Published: 01 Feb 2023, Last Modified: 13 Feb 2023Submitted to ICLR 2023Readers: Everyone
Keywords: Graph Data Augmentation, Graph Neural Networks, Covariate Shift, OOD Generalization
TL;DR: We propose a novel graph data augmentation method, Adversarial Causal Augmentation (AdvCA), to address the covariate shift issues.

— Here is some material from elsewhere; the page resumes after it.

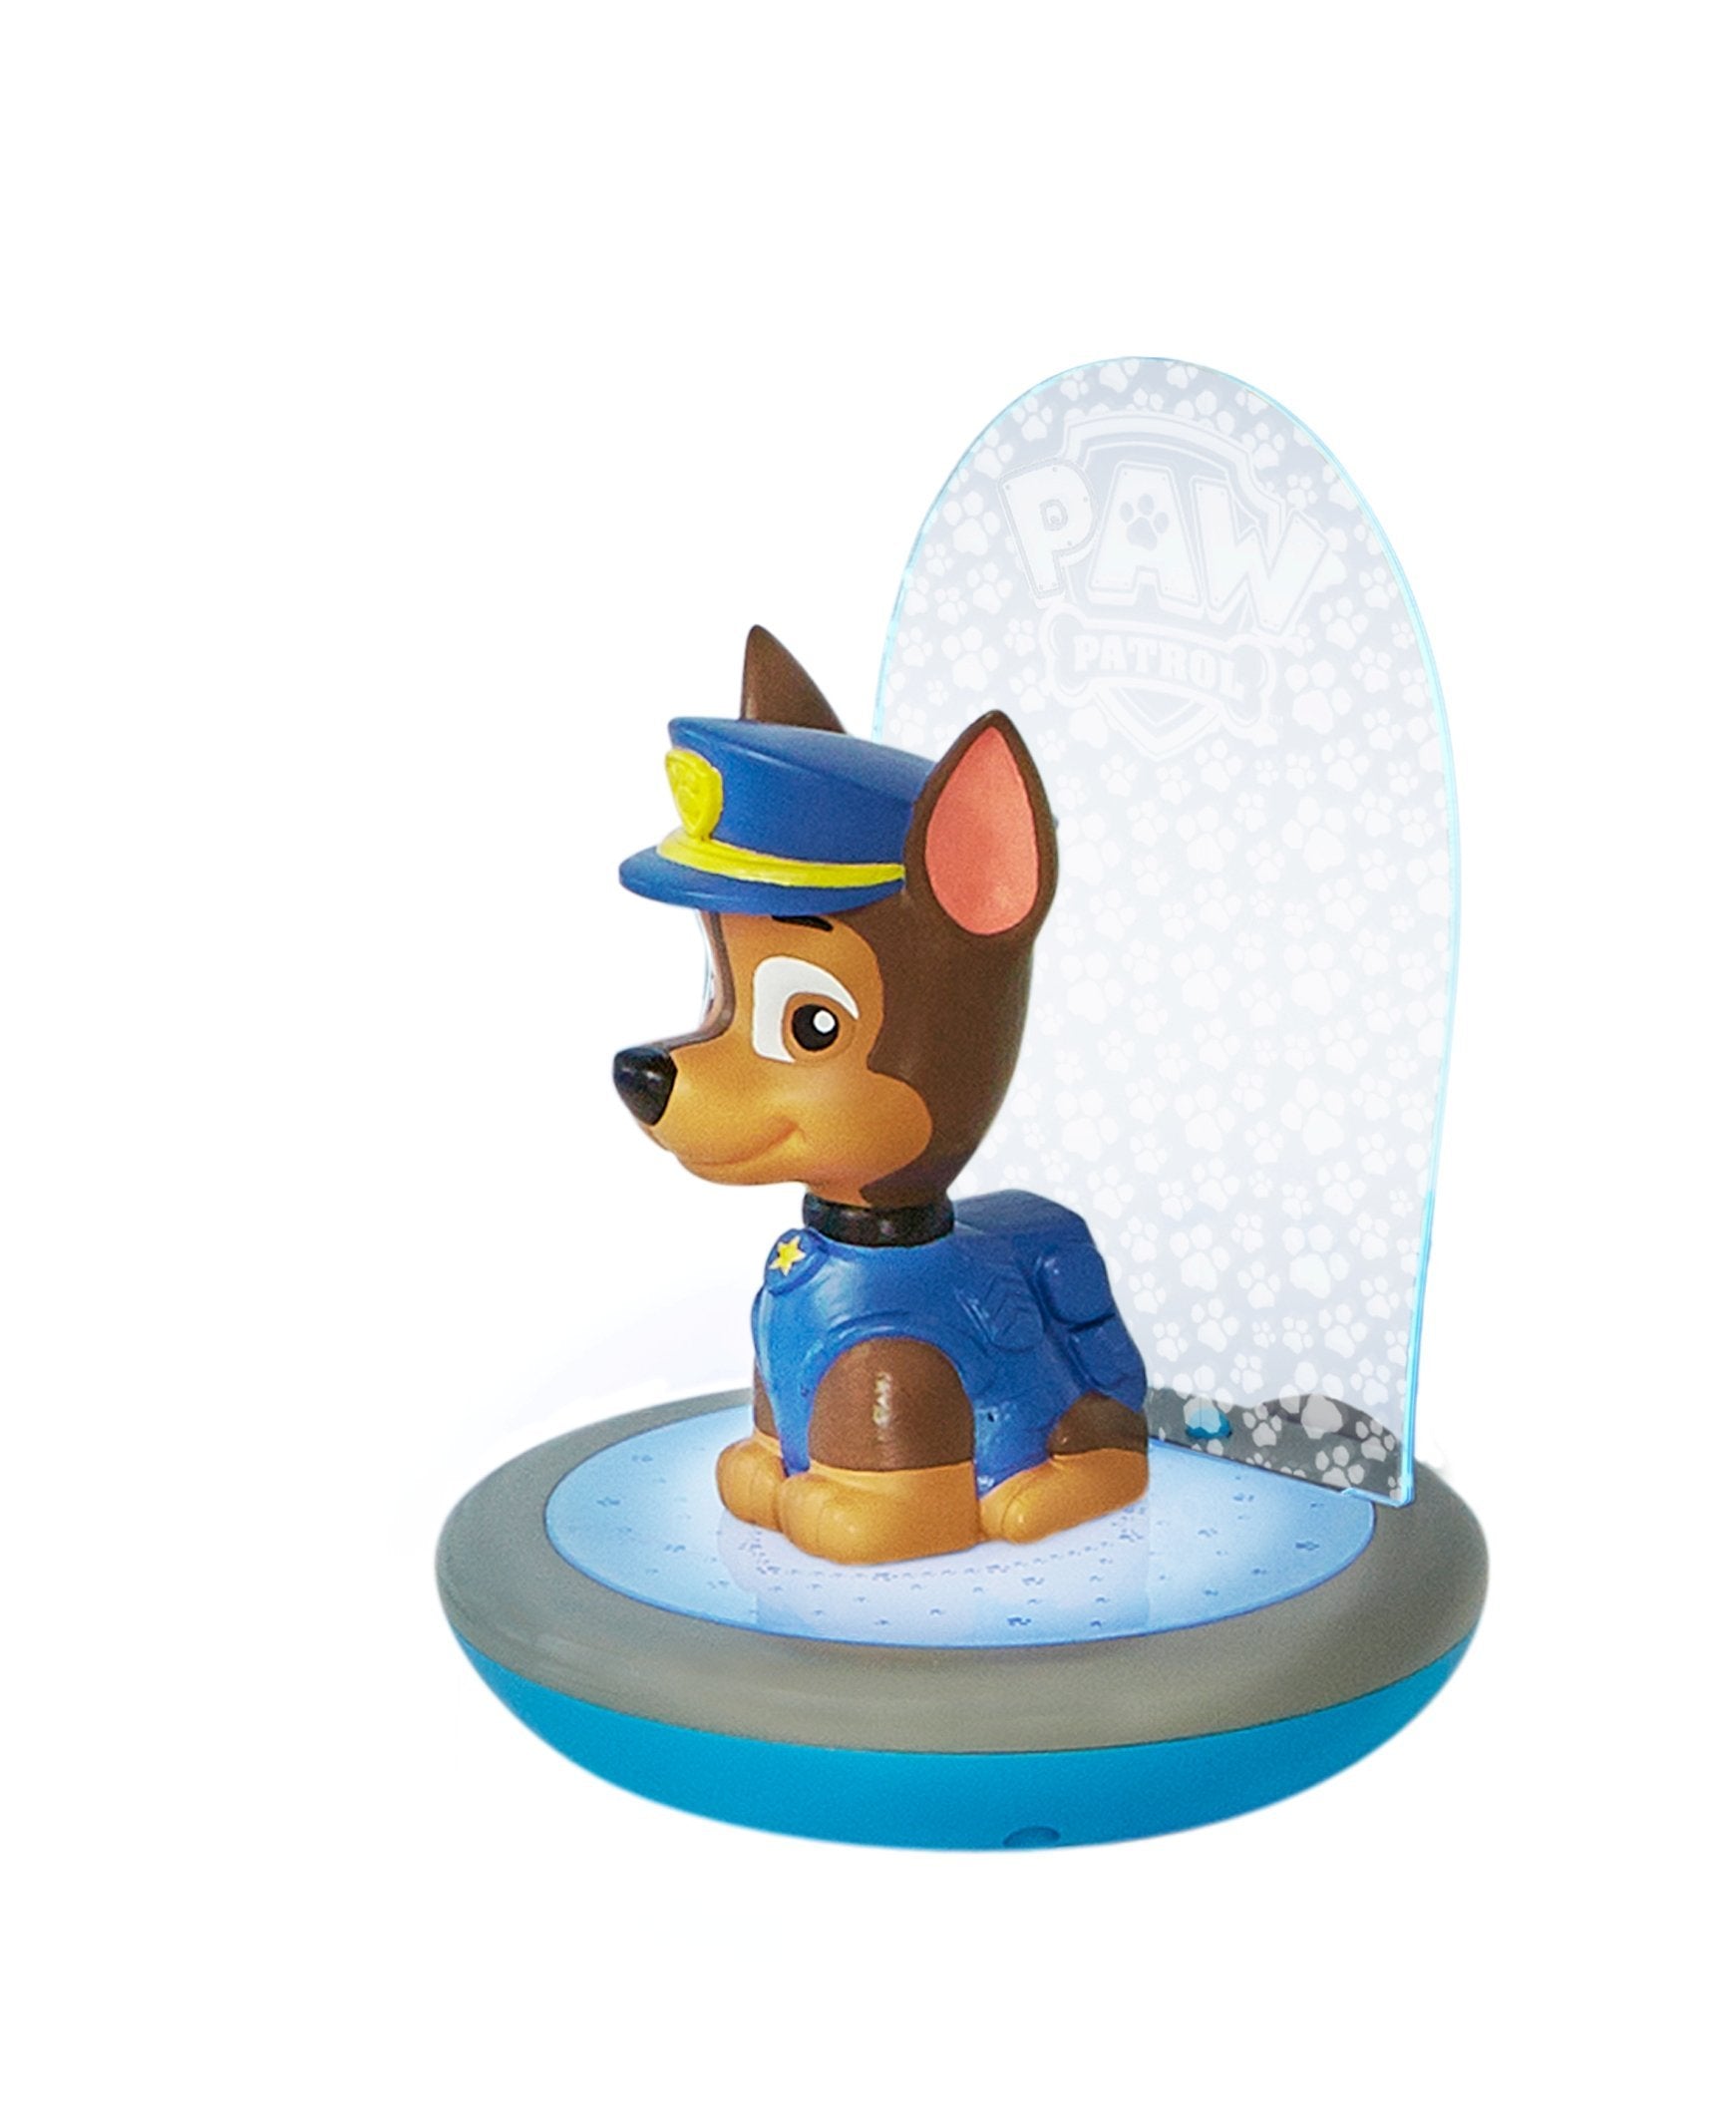 Paw Patrol Magic Night Light - Chase Kids Torch and Projector by Go Glow, Multi-Colour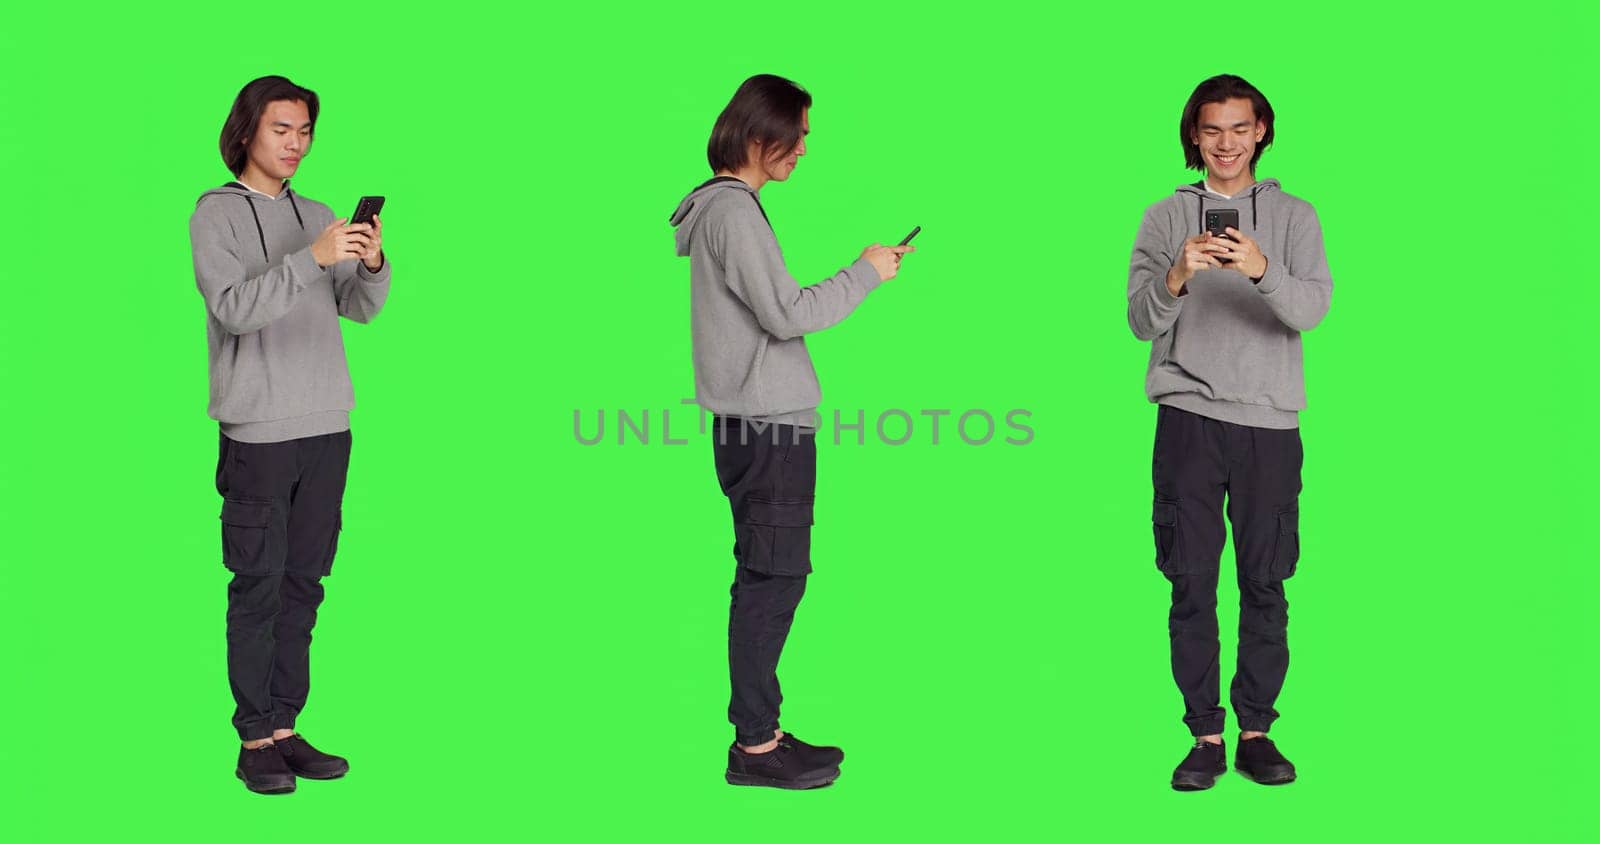 Adult texting messages on phone standing over greenscreen background, using social media app to chat remotely with friends. Asian joyful person messaging on modern smartphone.

Abstract: Out-of-distribution (OOD) generalization on graphs is drawing widespread attention. However, existing efforts mainly focus on the OOD issue of correlation shift. While another type, covariate shift, remains largely unexplored but is the focus of this work. From a data generation view, causal features are stable substructures in data, which play key roles in OOD generalization. While their complementary parts, environments, are unstable features that often lead to various distribution shifts. Correlation shift establishes spurious statistical correlations between environments and labels. In contrast, covariate shift means that there exist unseen environmental features in test data. Existing strategies of graph invariant learning and data augmentation suffer from limited environments or unstable causal features, which greatly limits their generalization ability on covariate shift. In view of that, we propose a novel graph augmentation strategy: Adversarial Causal Augmentation (AdvCA), to alleviate the covariate shift. Specifically, it adversarially augments the data to explore diverse distributions of the environments. Meanwhile, it keeps the causal features invariant across diverse environments. It maintains the environmental diversity while ensuring the invariance of the causal features, thereby effectively alleviating the covariate shift. Extensive experimental results with in-depth analyses demonstrate that AdvCA can outperform 14 baselines on synthetic and real-world datasets with various covariate shifts.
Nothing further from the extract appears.